I Sarafis PhD Thesis Abstract


Driven by advances in data collection and storage, increasingly large and high dimensional datasets are being stored. Without special tools, human analysts can no longer make sense of such enormous volumes of data. Hence, intelligent data mining (DM) techniques are being developed to semi-automate the process of mining nuggets of hidden knowledge, and extract them in forms that can be readily utilised in areas such as decision support. Clustering high dimensional data is especially challenging due to the inherent sparsity of the dataspace. Evolutionary algorithms (EAs) are a promising technique for DM clustering as population-based searches have intrinsic search parallelism, their stochastic nature avoids local optima and recovers from poor initialisation.

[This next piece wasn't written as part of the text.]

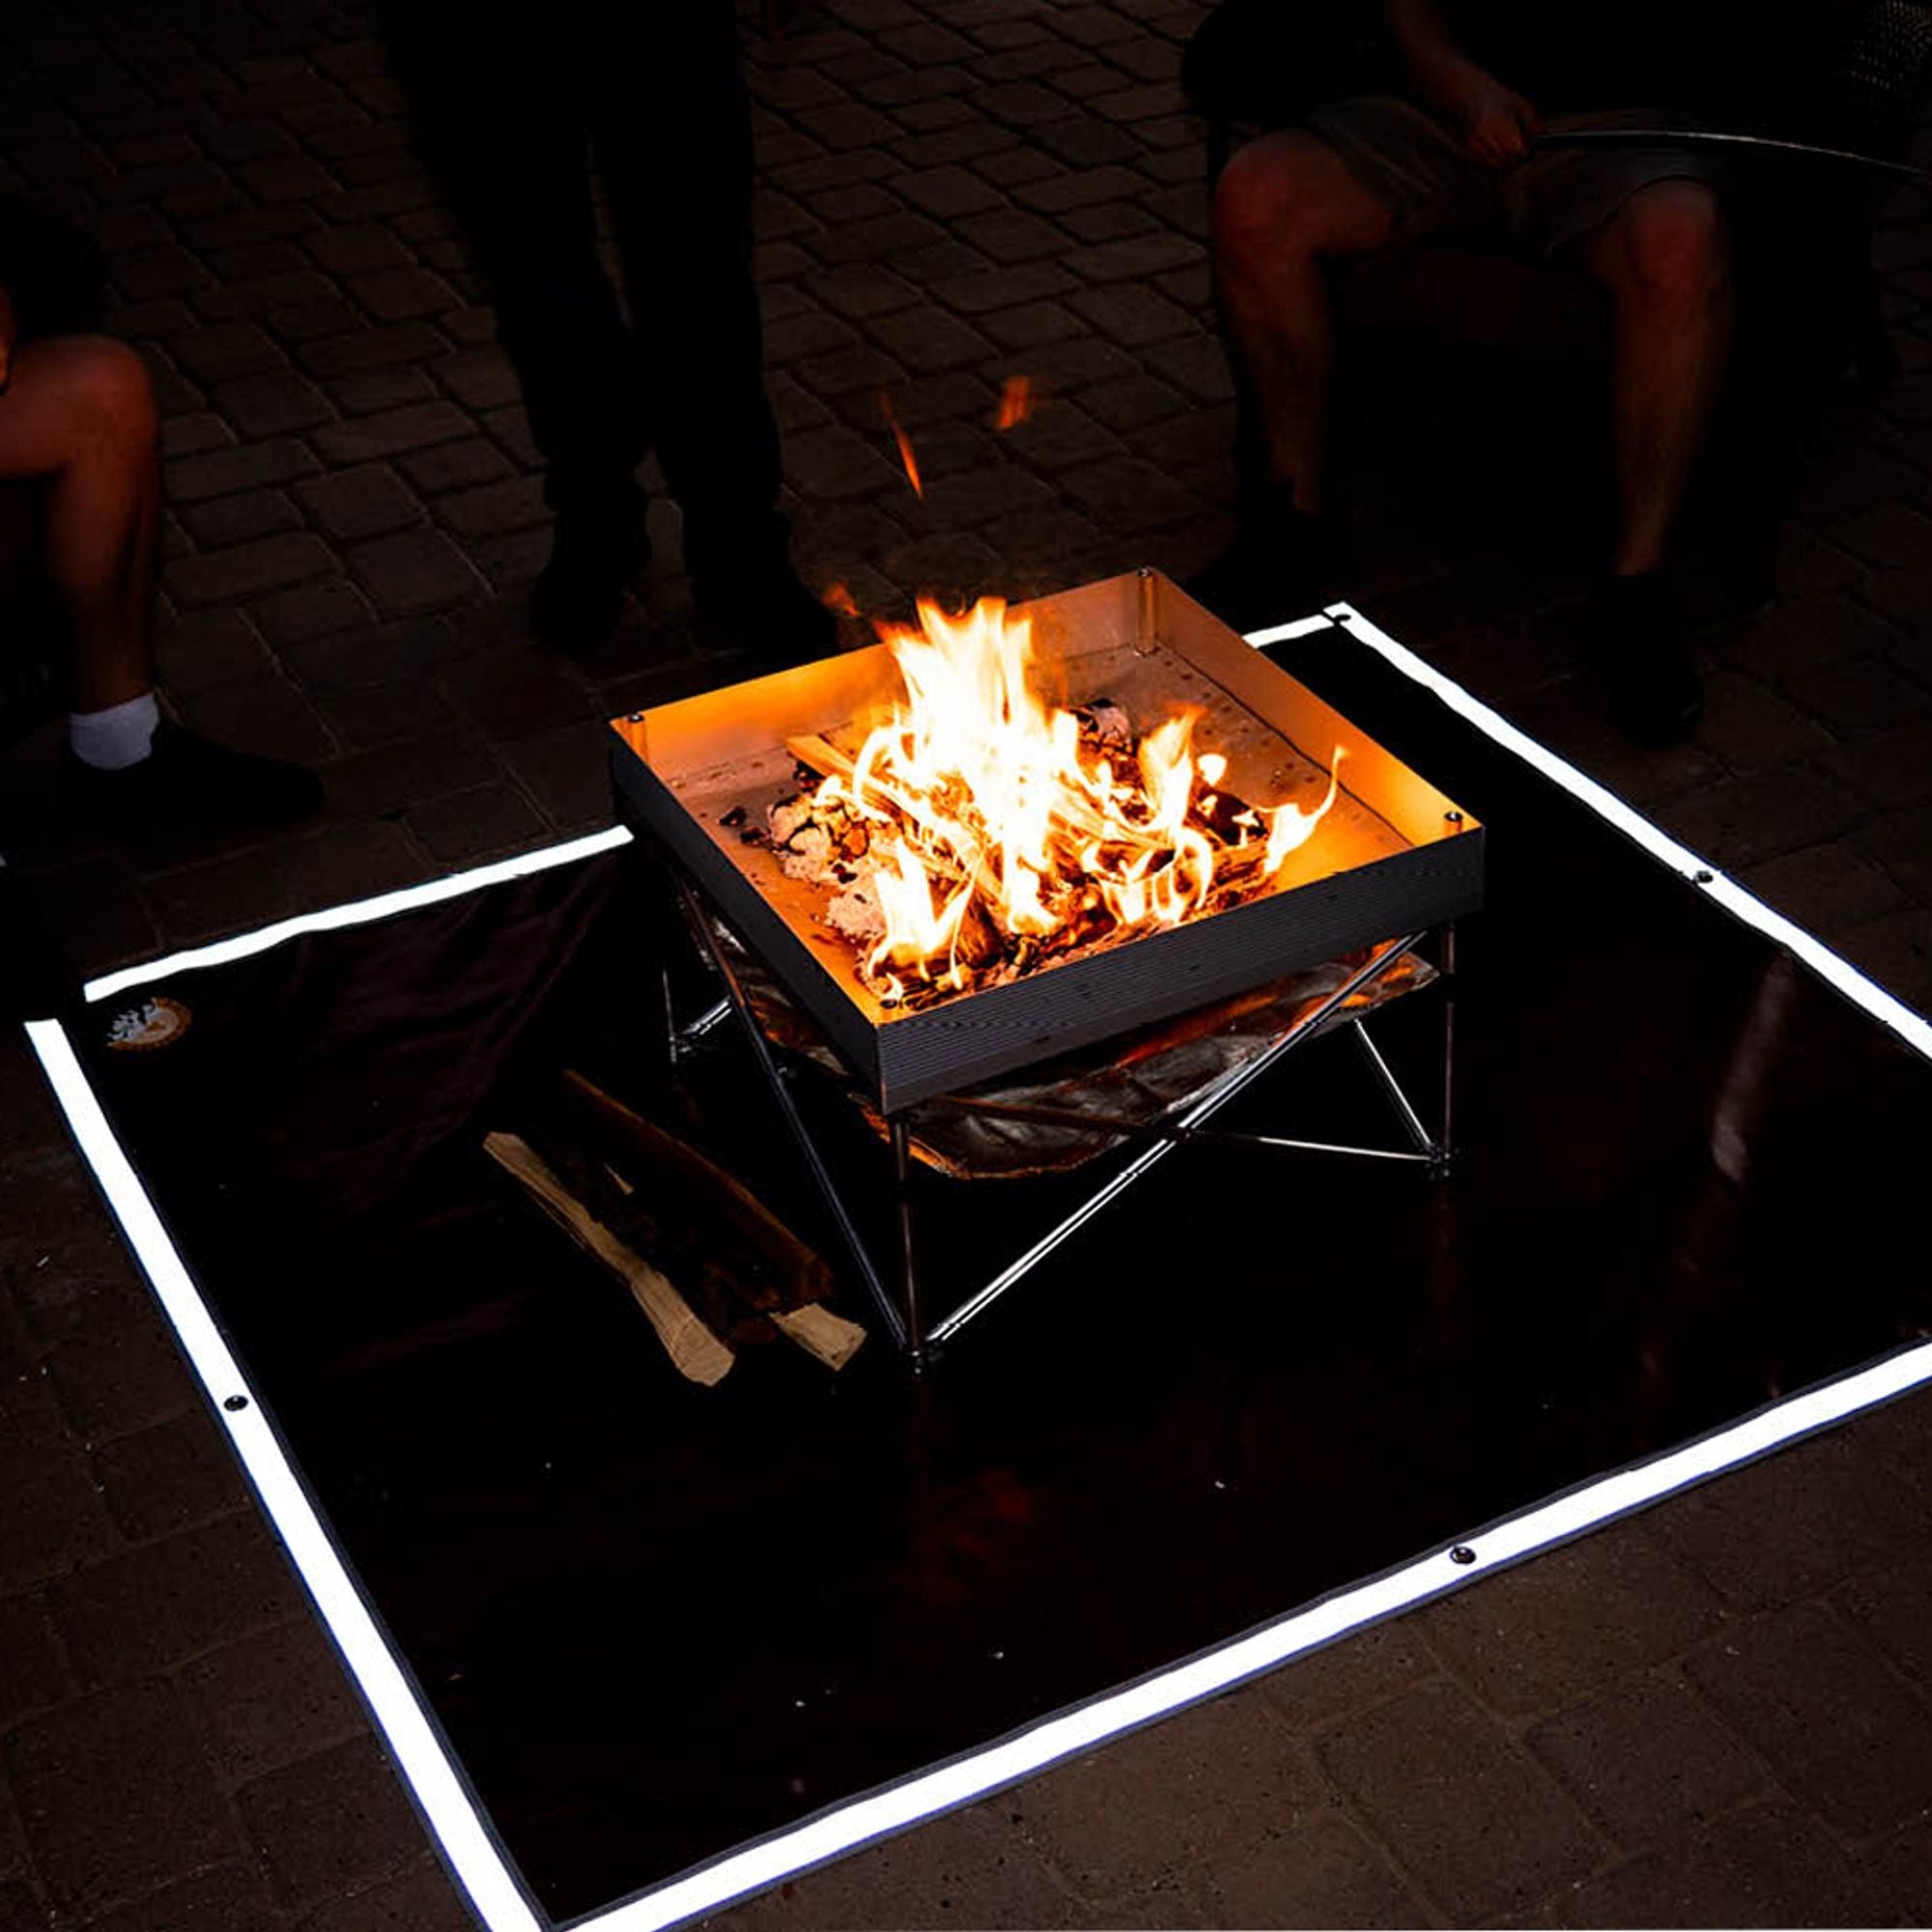 Fireside Ember Mat

This thesis investigates the use of evolutionary algorithms to effectively and efficiently mine clusters from massive and high dimensional numerical databases. The fundamental question addressed by this thesis is: can a stochastic search cluster large high dimensional datasets, and extract knowledge that conforms to the important requirements for DM clustering? Experimental results on both artificial and real-world datasets lead us to conclude that it can.

The thesis proposes a novel EA methodology for DM clustering with the following three phases. Firstly, a sophisticated quantisation algorithm (TSQ: Two-Stage Quantization) imposes a uniform multi-dimensional grid onto the dataspace to reduce the search combinations. TSQ quantises the dataspace using a novel statistical analysis that reflects the local data distribution. It determines an appropriate grid resolution that enables the discrimination of clusters, while preserving accuracy and acceptable computational cost. Secondly, a novel EA (NOCEA: Non-Overlapping Clustering with an Evolutionary Algorithms) discovers high quality clustering rules using several novel semi-stochastic genetic operators, an integer-valued encoding scheme, and a simple data coverage maximisation fitness function. Both TSQ and NOCEA rely on a novel statistical analysis (UDA: Uniform-region Discovery Algorithm) identifying flat density regions (U-regions) in univariate histograms. U-regions detected in orthogonal uni-dimensional projections are ``signatures'' of clusters being embedded in higher dimensional spaces. Thirdly, a post-processing simplification phase that removes irrelevant dimensions (subspace clustering) and assembles the clusters. The thesis also explores task parallelism for several genetic operations to improve scalability when the data to be mined is large and high dimensional.

NOCEA is a generic and robust clustering algorithm that meets the key DM clustering criteria. The following properties of NOCEA are demonstrated on both benchmark artificial datasets, and in a substantial real-world case study clustering the seismic activity associated with the active crustal deformation along the African-Eurasian-Arabian tectonic plate boundary. NOCEA produces interpretable output in the form of disjoint and axis-aligned hyper-rectangular clustering rules with homogeneous data distribution; the output is minimised for ease of comprehension. NOCEA has the ability to discover homogeneous clusters of arbitrary density, geometry, and data coverage. NOCEA effectively treats high dimensional data, e.g. 200 dimensions, and it effectively identifies subspace clusters being embedded in arbitrary subsets of dimensions. NOCEA has near linear scalability with respect to the database size, and both data and cluster dimensionality. NOCEA has substantial potential for task parallelism, e.g. reaching a speed up of 13.8 on 16 processors. NOCEA produces similar quality results irrespective initialisation and order of input data. NOCEA is exceptionally resistant to background noise. Finally, NOCEA has minimal requirements for a priori knowledge, and does not presume any canonical distribution of the input data.